Oh, I like to laugh. But say it anyway. 我是挺喜欢笑,不过你想说就说吧。
Okay, um...What do you say to a graduate of the UC Berkeley physics department? 好吧,你该跟伯克利分校的物理系毕业生说什么呢?
I'll have fries with that. Because his education hasn't prepared him for a career in the sciences. 我点的餐要配薯条。因为他们接受的教育不足以让他们在科学领域找到工作。
You know, when they chase you out of there, you only have to run faster than Sheldon. 等学生们冲过来打你们时,你只要跑得比谢尔顿快就没事了。
Are you all set for your trip? 出发都做好准备了吗?
Yeah, I think so. I just restocked the old PRK. 应该吧。我重新帮共所包补了货。
"P.R.K"? - Public restroom kit. Everything a boy needs for making pee pee in new and strange places. 什么"共所包"?-公共厕所用品包。内含一名小男孩要在陌生新环境嘘嘘所需要的一切用品。
I don't see what's crazy about bringing a backpack with your own toilet paper and Purell. - Keep going. 带着个背包放自己的厕纸和干洗手液有什么值得奇怪的啊。-接着说。
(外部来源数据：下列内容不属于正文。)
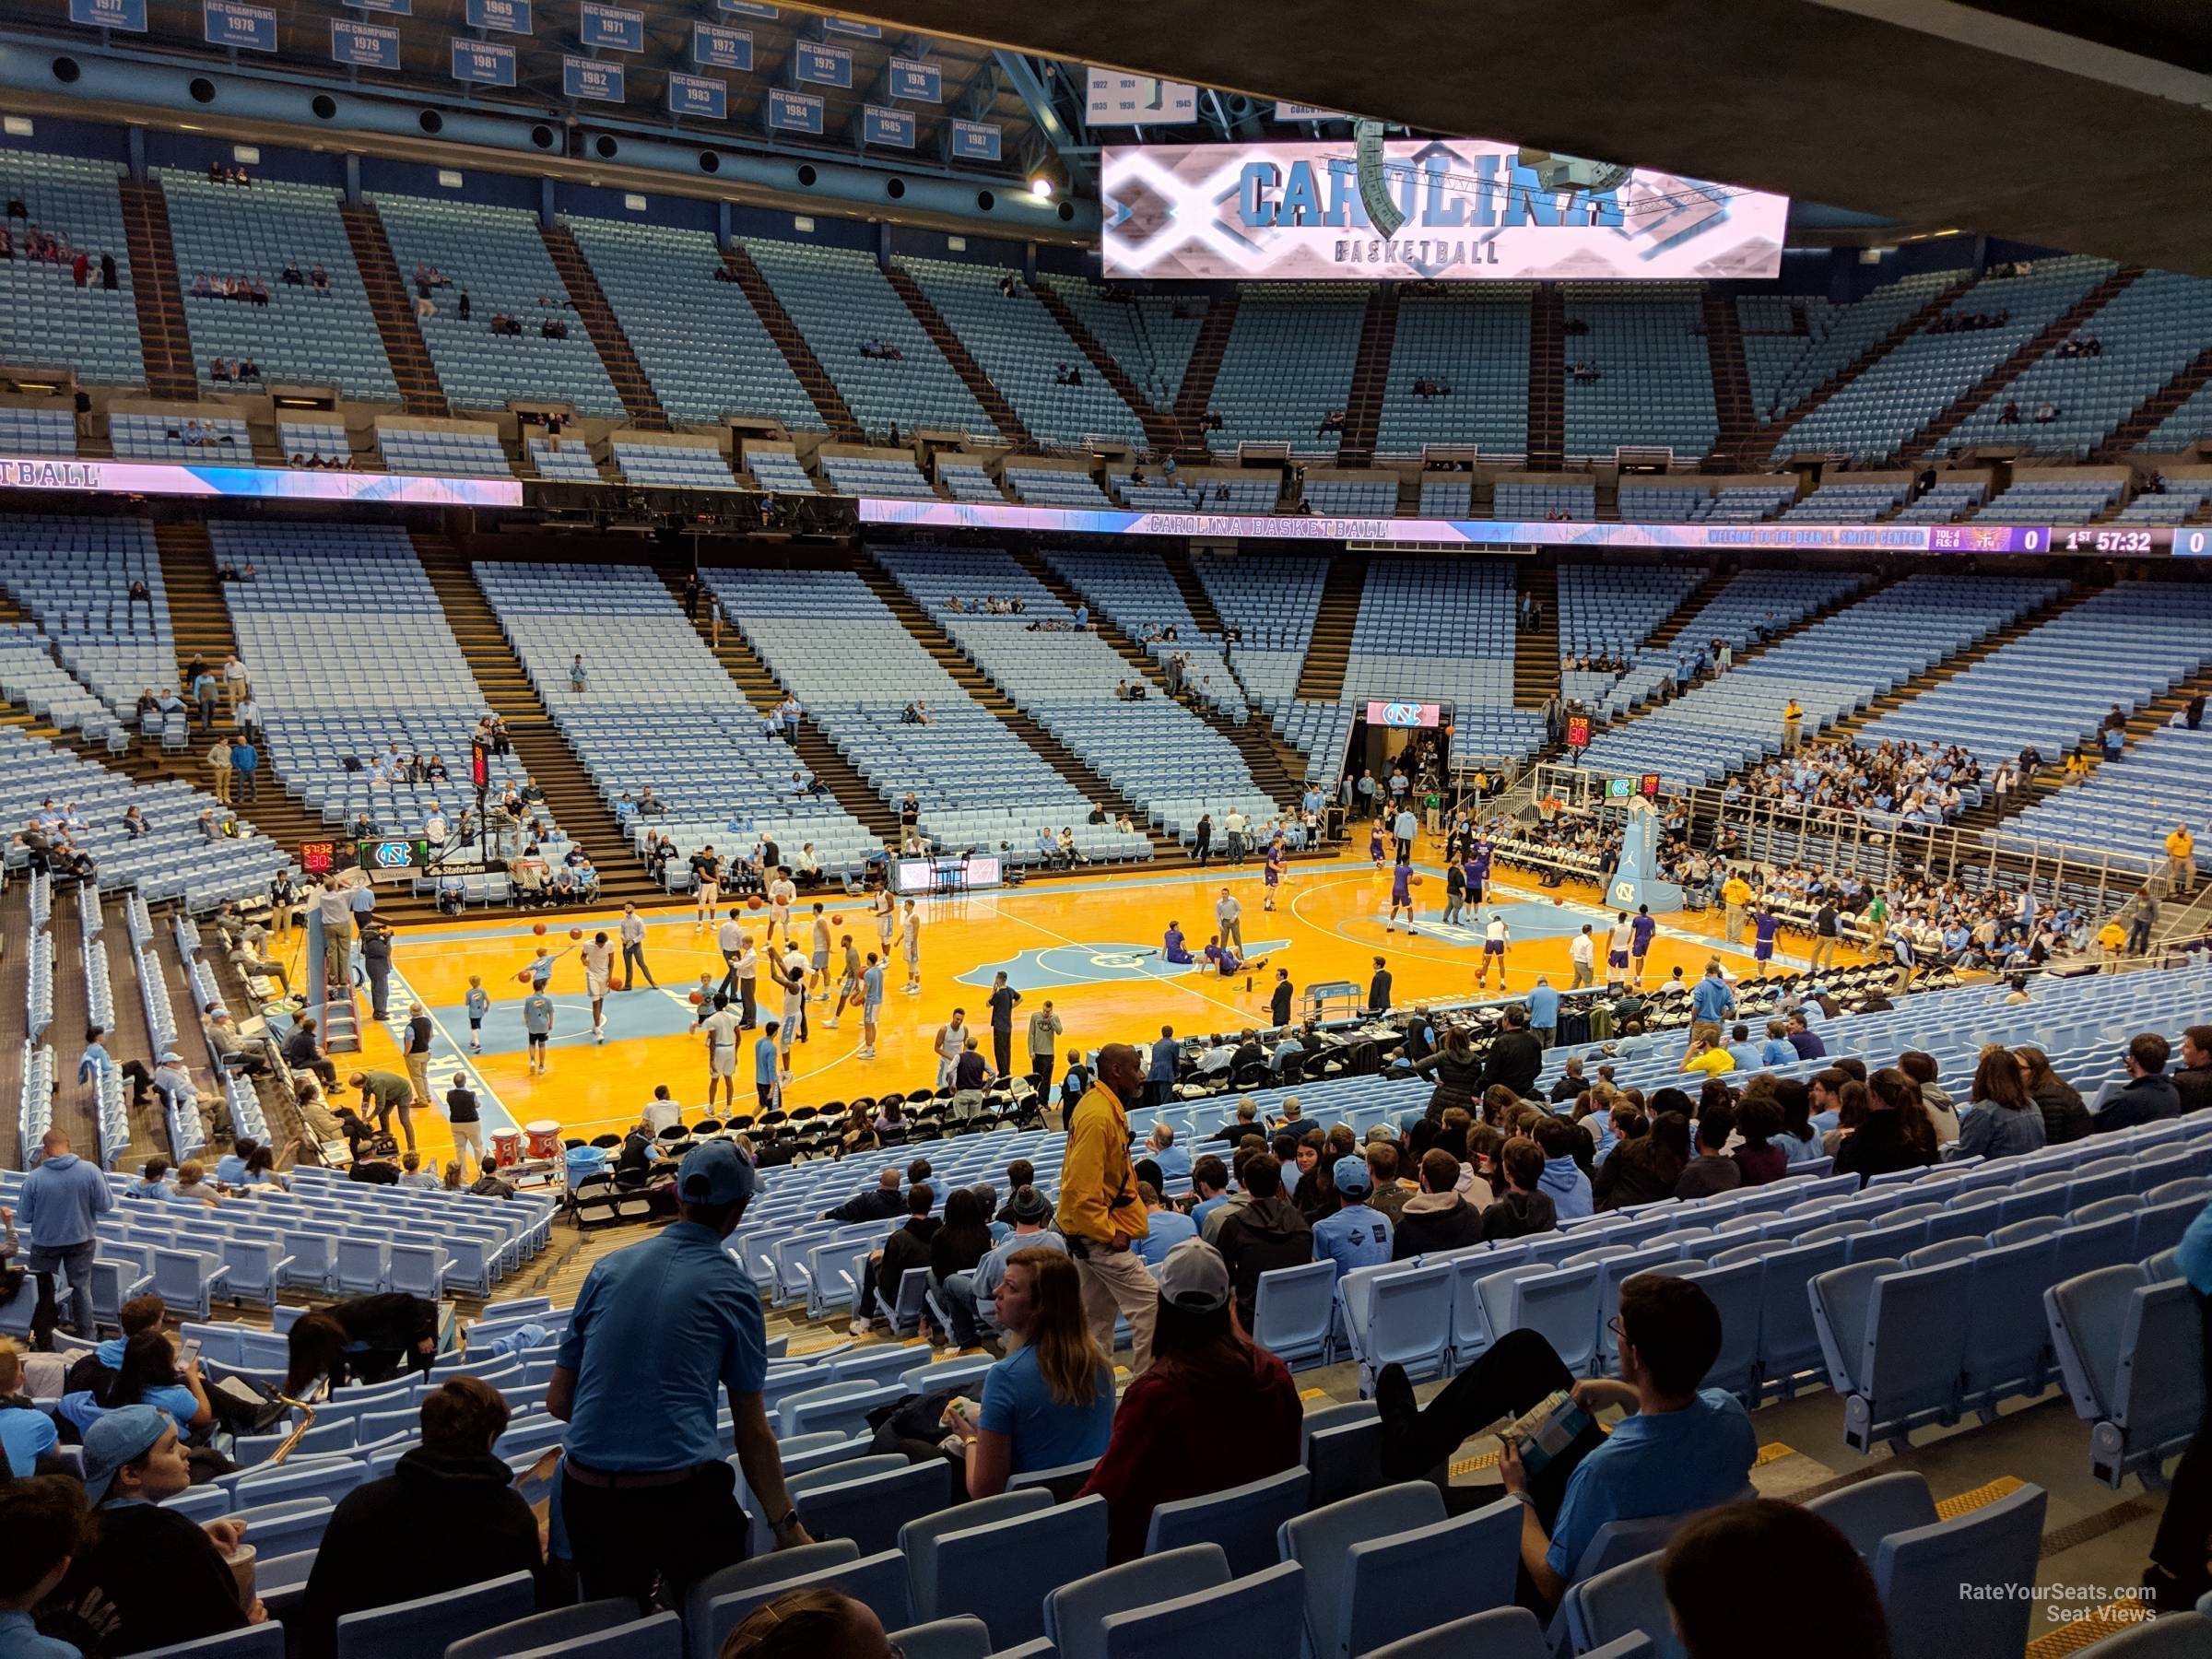 section 106, row z seat view  - dean smith center

And rubber gloves, uh, air freshener. Um, noise-cancelling headphones. Oh, danger whistle. pepper spray. Ooh, a multi-language "Occupied" sign. 还有橡胶手套 、空气清新剂、抗噪耳机、防狼警笛、防狼喷雾、多语言版"已占用"的牌子。
Uh, let's see. We have seat protectors, uh, booties for my shoes, a clothespin for my nose. 我看看。还有马桶坐垫纸、 鞋套、夹鼻子的晒衣夹。
Oh, and a mirror on a stick, so I can make sure the person in the stall next to me isn't some kind of weirdo. 还有连棍子的镜子,这样我可以确保隔壁厕间的人不是什么变态之类的。
You still worried some Berkeley girl is gonna steal him away? 你还担心伯克利分校会有姑娘把他抢走吗?
Yes, who do you think gave him the danger whistle? 当然,不然你觉得他的防狼警笛是谁给的?